Выбрать главу

Там, как и в каждой стране, которую они в дальнейшем покоряли, французы подавляли местную аристократию, отменяли крепостное право и устанавливали новые правительства, избираемые всеобщим голосованием мужского населения. Успокаивая более крупные немецкие государства, которые они оккупировали, французы позволяли им открывать охоту на более мелкие. Таким образом, завоеватели обнаружили действенный способ начать консолидацию германской Рейнской земли (Рейнланд) и ассимилировать ее правителей. Подобное разжигание страстей в собственнических захватах германских земель также глушило германское национальное сознание и единство, еще более упрощая оккупацию и эксплуатацию покоренных немецких земель. Но (и это также докажет время) хорошо организованная и поддающаяся управлению Рейнланд, мудро и хитро переоснастилась во время французской оккупации и облегчила германское сопротивление, когда немцы снова оказались способны потребовать назад свою территорию{360}.

Решение Пруссии полностью выйти из конфликта обеспечило контроль Франции. Пруссия была занята угрозами якобинцев и своими новыми польскими территориями, и у нее не имелось ресурсов для ведения войны на двух фронтах. Поэтому она просто обменяла свои оккупированные на Рейне земли на западе, на нейтралитет французов в северной Германии и обещание новых земель к востоку от Рейна (Базельский мир 1795 года). Таким образом, выйдя из французского водоворота, — причем в одиночку, — Пруссия купила себе десятилетие относительного мира, который позволил успокоить и консолидировать ее только что приобретенные земли.

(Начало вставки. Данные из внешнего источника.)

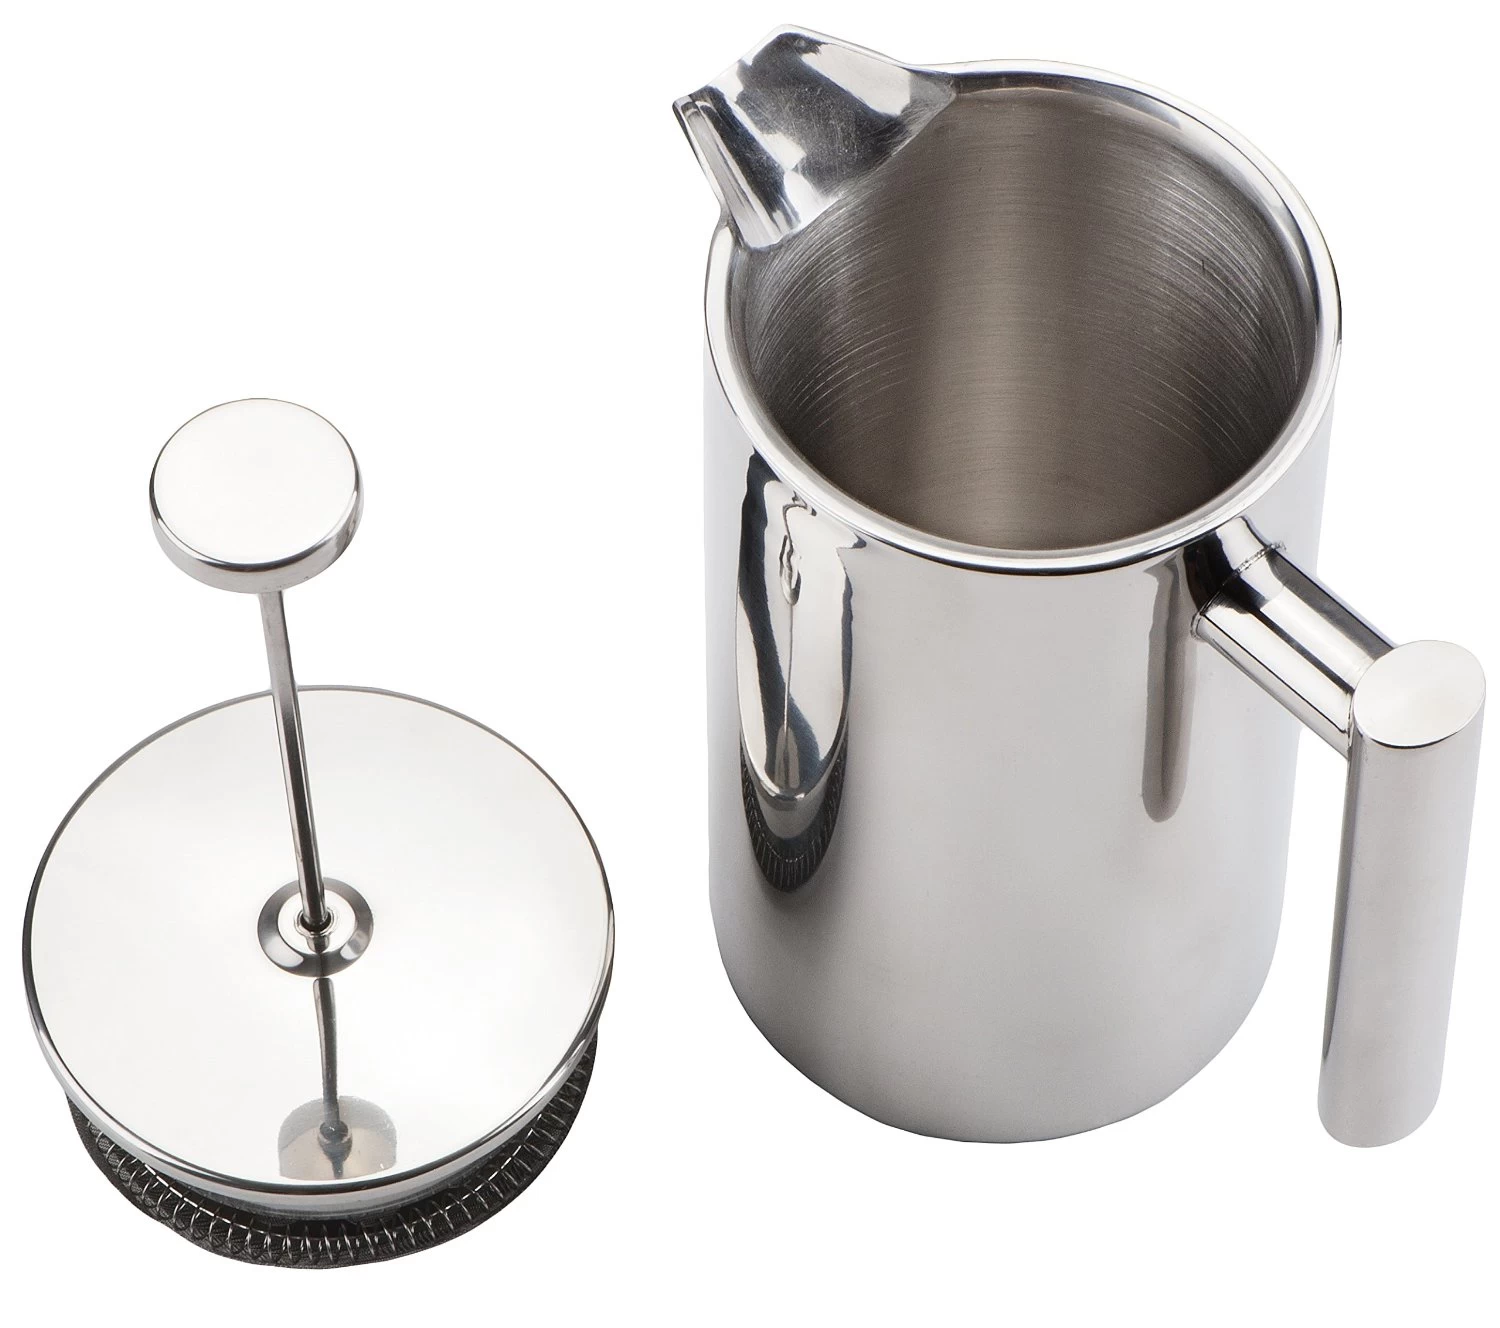 https://cdn.cloudbf.com/thumb/format/mini_xsize/upfile/68/product_o/Stainless-Steel-French-Press-Coffee-Tea-Pot-Double-Walled_2.jpg.webp

Несмотря на то, что действия Пруссии назывались предательством, она показала пагубный пример другим германским государствам (Баден, Бавария и Вюртемберг последовали ее примеру в 1796 году), увеличив уязвимость Австрии и ускорив кончину Империи{361}. В течение двух лет Австрия оставила свои владения в Рейнланд, Бельгии и Ломбардии завоевателю — Франции, — отойдя назад, в центр своей Империи. Как и франко-прусский Базельский мирный договор, франко-австрийский Кампоформийский мир 1797 года ставил выше региональную идентификацию над просто немецкой, жертвуя Империей в пользу государства{362}.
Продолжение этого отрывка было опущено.